Exercise aim
Would you transcribe the whole listing exactly, minus its pictures?

Source data
══════════════════════════════

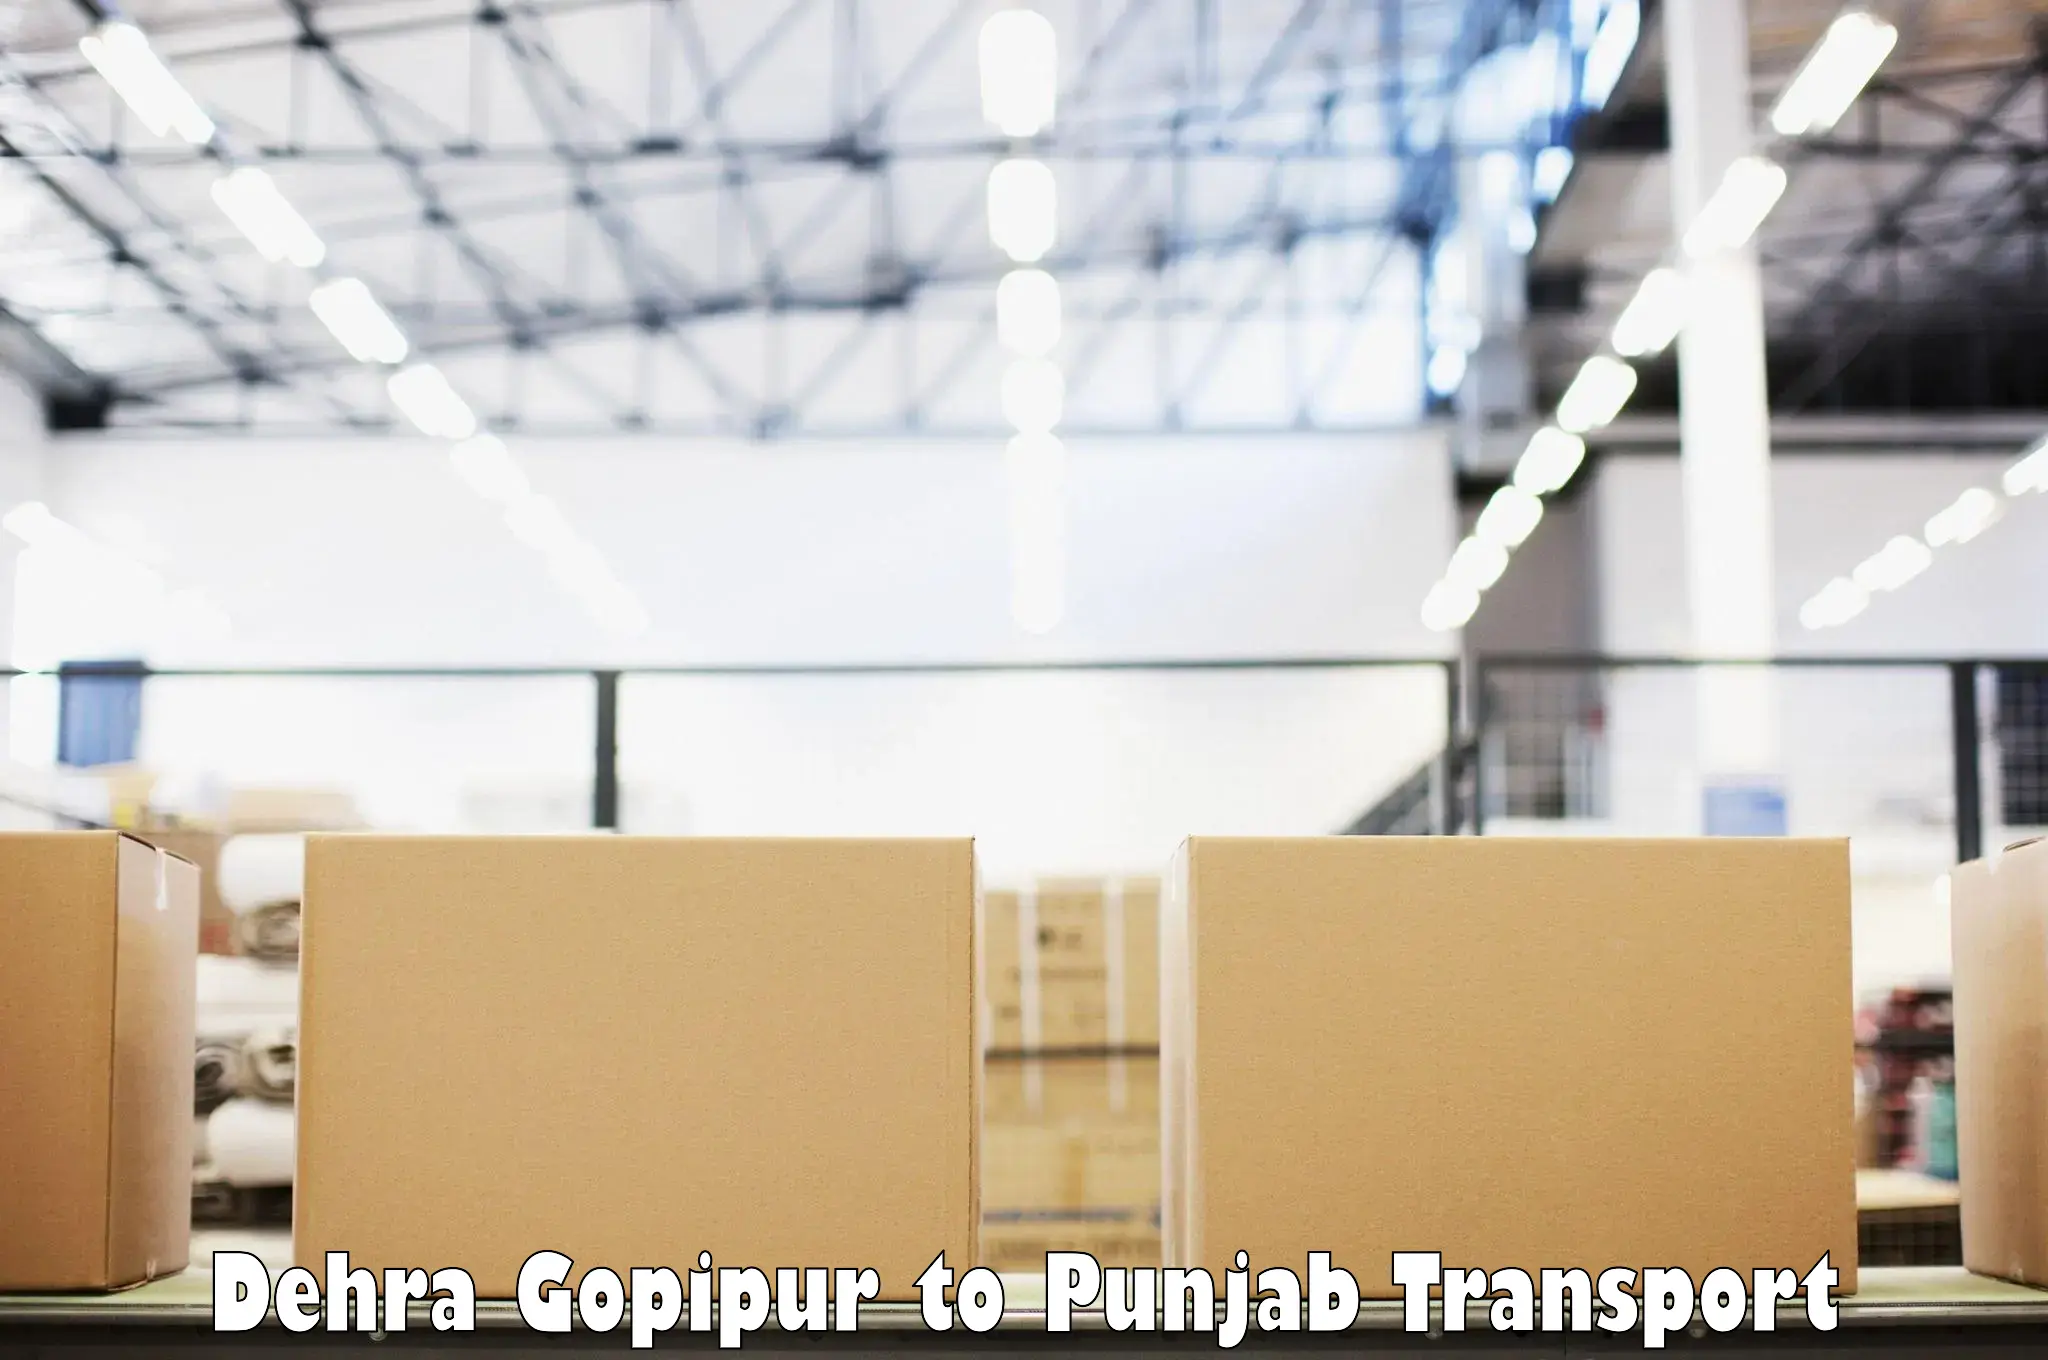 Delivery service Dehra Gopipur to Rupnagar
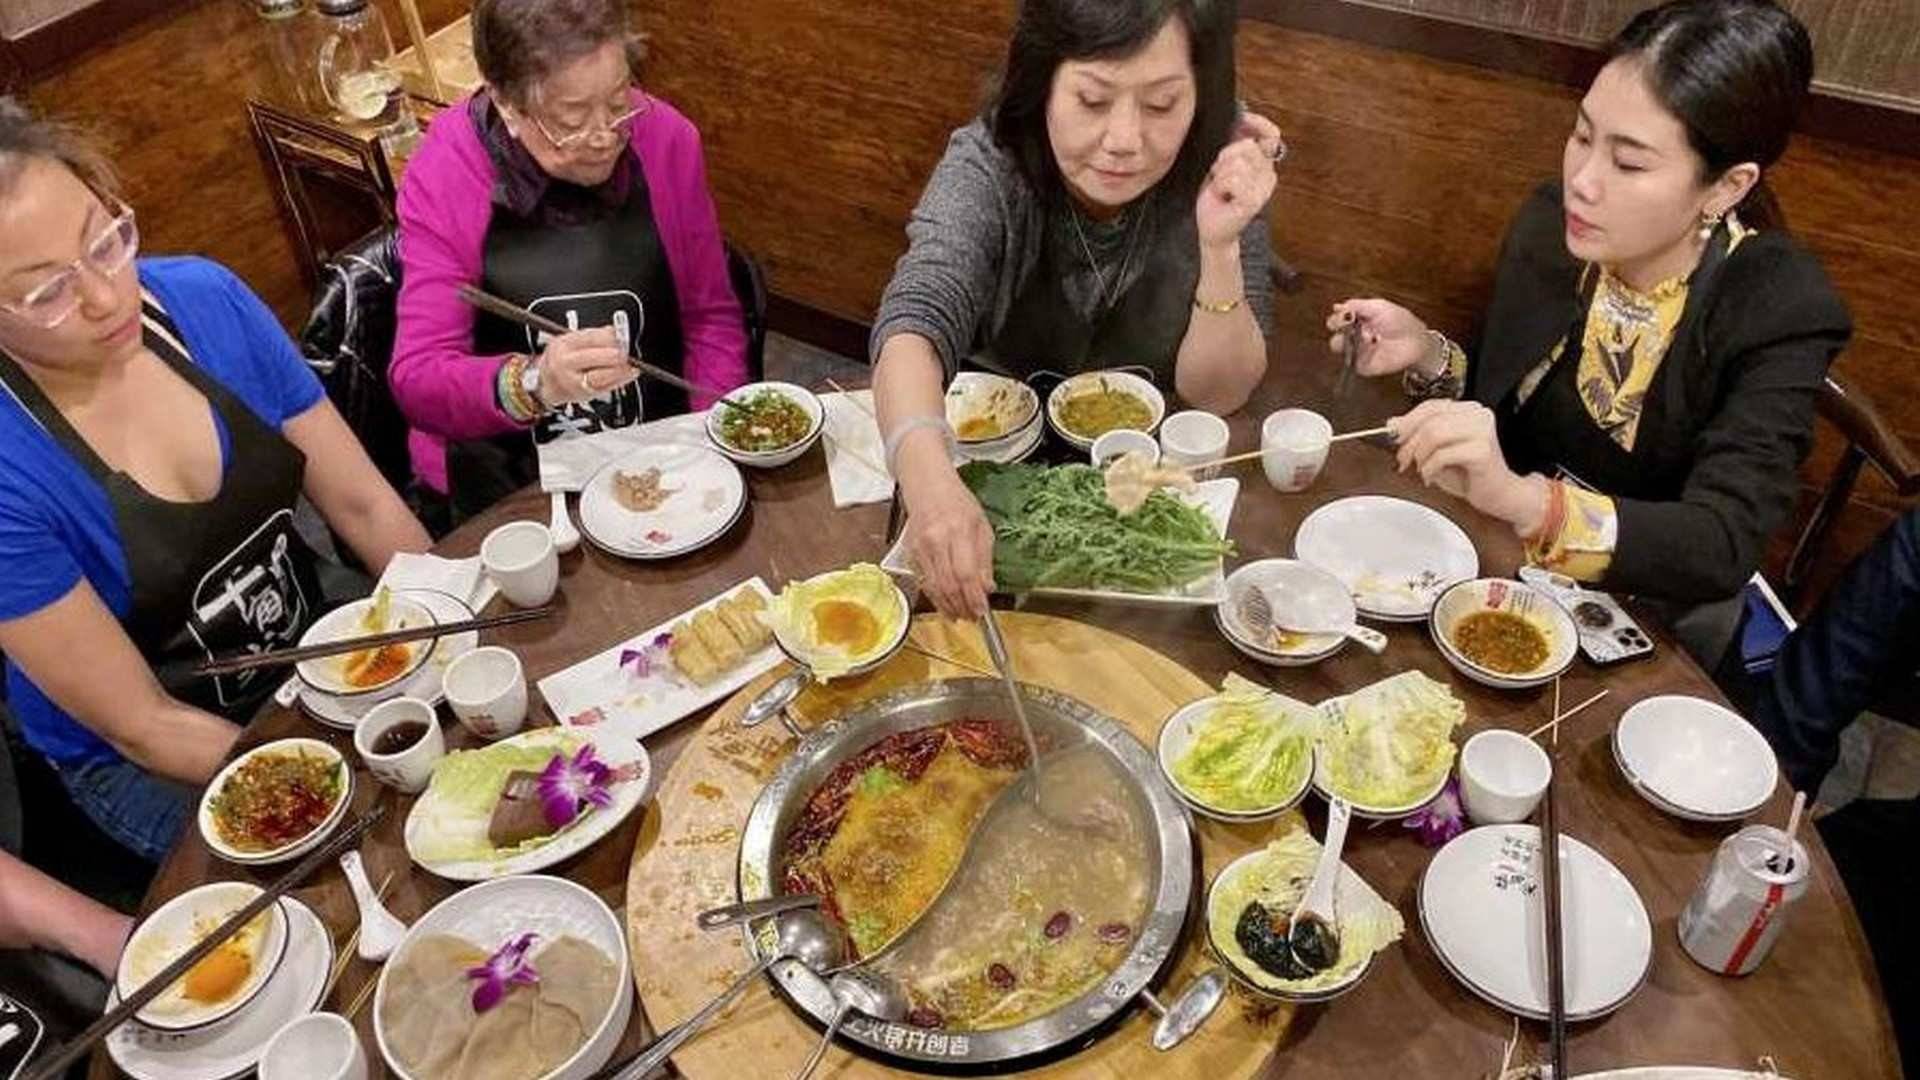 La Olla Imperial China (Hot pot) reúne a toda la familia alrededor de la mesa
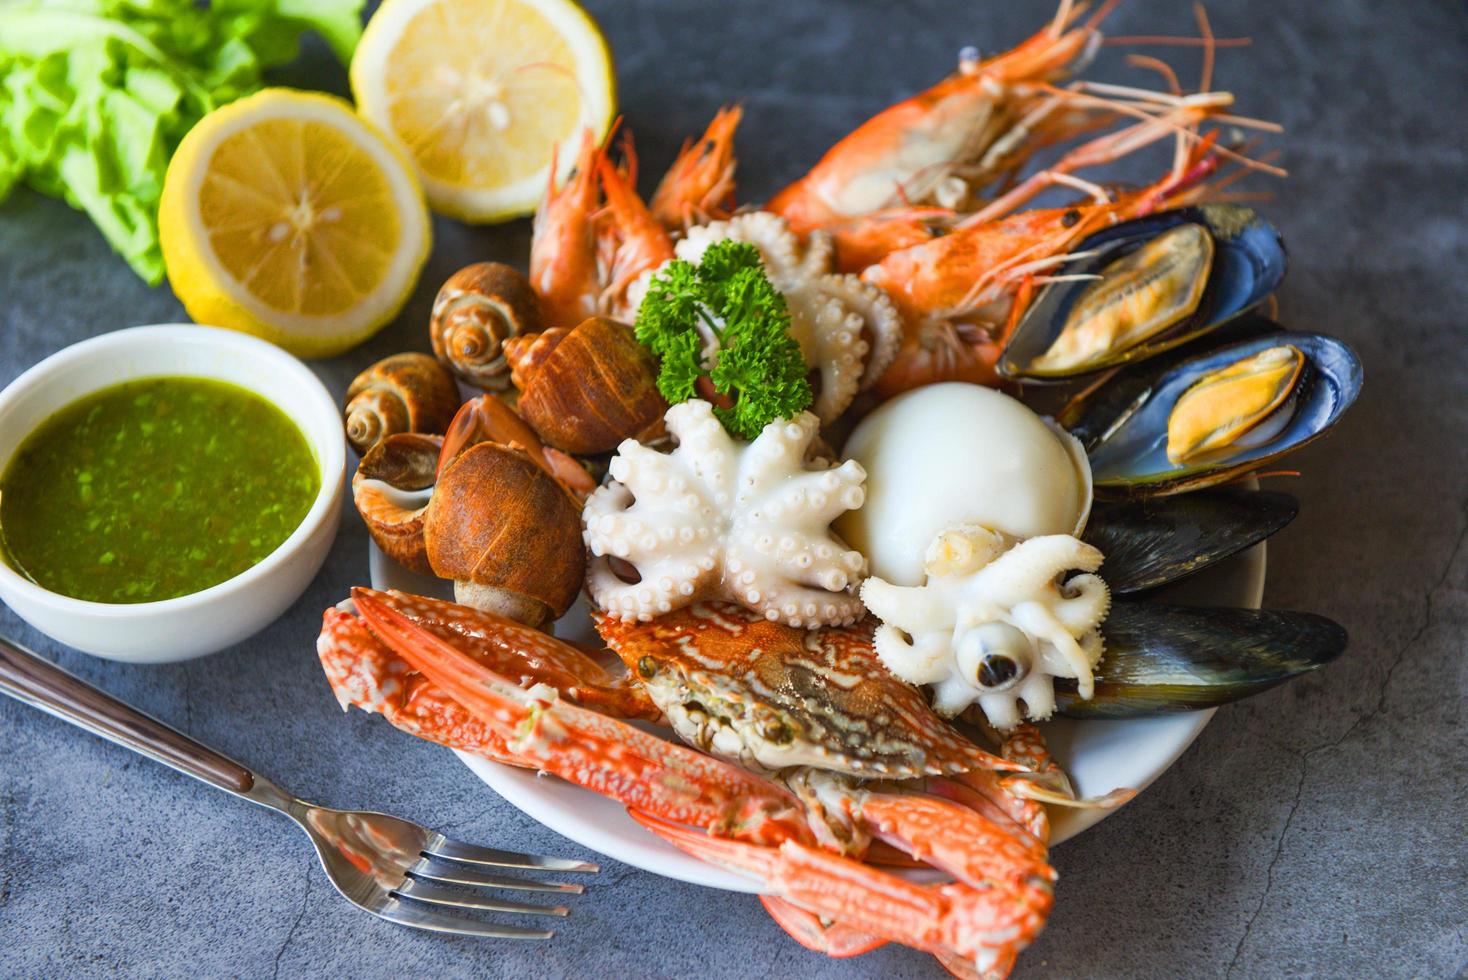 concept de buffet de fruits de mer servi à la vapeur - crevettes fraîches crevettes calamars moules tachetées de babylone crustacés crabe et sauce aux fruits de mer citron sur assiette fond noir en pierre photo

══════════════════════════════

Problem solution
 Delivery service Dehra Gopipur to Rupnagar
 La Olla Imperial China (Hot pot) reúne a toda la familia alrededor de la mesa
 concept de buffet de fruits de mer servi à la vapeur - crevettes fraîches crevettes calamars moules tachetées de babylone crustacés crabe et sauce aux fruits de mer citron sur assiette fond noir en pierre photo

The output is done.